Director of the Los Angeles Public Library, president of the American Library Association

Althea Hester Warren (December 18, 1886 – December 19, 1958) was the director of the Los Angeles (California) Public Library from 1933 to 1947 and president of the American Library Association in 1943-1944. She was inducted into the California Library Association's Library Hall of Fame in 2013.

==Biography and career==

Warren was born on December 18, 1886, in Waukegan, Illinois, to Lansing Warren and Emma Blodgett. She attended the University of Chicago from 1904 to 1908. After traveling abroad in Europe, Warren started library school at the University of Wisconsin, graduating in 1911. She was a branch manager in a "poor neighborhood" in the Chicago Public Library system, and she also managed a branch in the Sears, Roebuck store in that city, which served the store's employees. In 1914 she relocated with her family to San Diego, California, and during World War I she helped furnish books to soldiers at Camp Kearny, California, outside of San Diego. She worked in the San Diego Public Library system and was the head librarian there from 1916 to 1926. She moved to the Los Angeles Public Library in the latter year, having been chosen to oversee all the system's branch libraries. In 1933 she became LAPL head librarian, one of six women overseeing large public libraries in the United States at that time.

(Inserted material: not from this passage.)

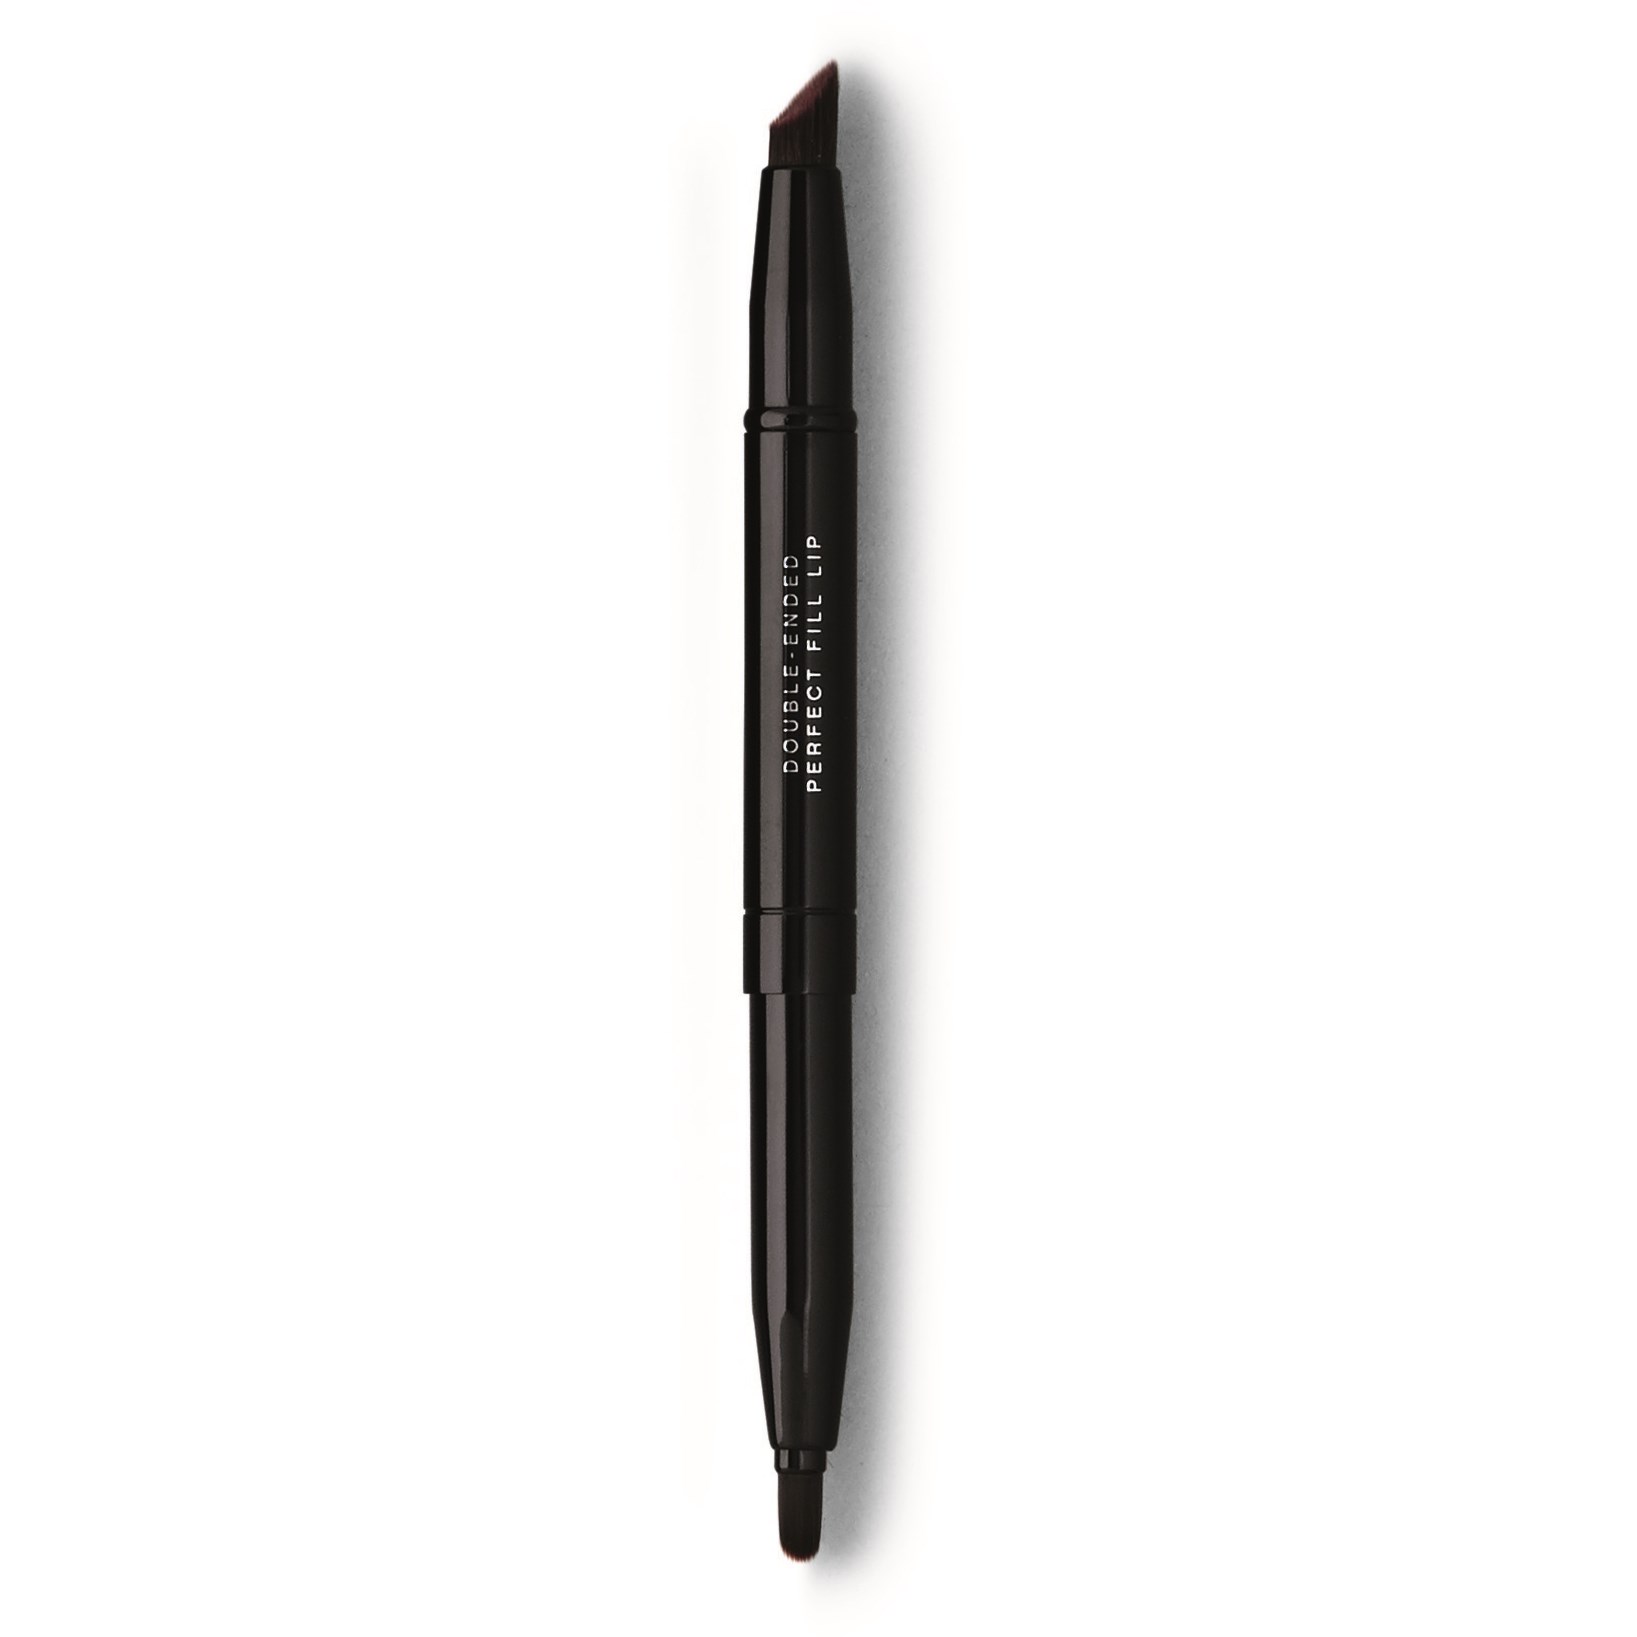 bareMinerals Double Ended Perfect Fill Lip Brush

In November 1941, Warren, who was considered "#1 in the field of Women Librarians," took a leave from her Los Angeles job to become director of the ALA's National Defense Book Campaign, which sought to collect and organize distribution of books to American servicemen. The campaign, headquartered in New York City, eventually became known among her closest friends as "Warren's child." Warren was California Library Association president in 1921 and American Library Association (ALA) president in 1943-1944. She worked on the national level to increase federal aid to libraries and to end discrimination faced by African American librarians at ALA conference hotels.

Warren retired in 1947 and then taught in library science programs in Wisconsin and Michigan and at the University of Southern California.

Non-profit organization positions
| Preceded byKeyes D. Metcalf | President of the American Library Association 1943–1944 | Succeeded byCarl Vitz |

==Personal life==
Warren had a romantic relationship with Gladys English, the Los Angeles Public Library's head of the Children's Department. They lived and travelled together for years. After English died, Warren created the American Library Association's Gladys English Memorial Collection, also called the Gladys English Collection.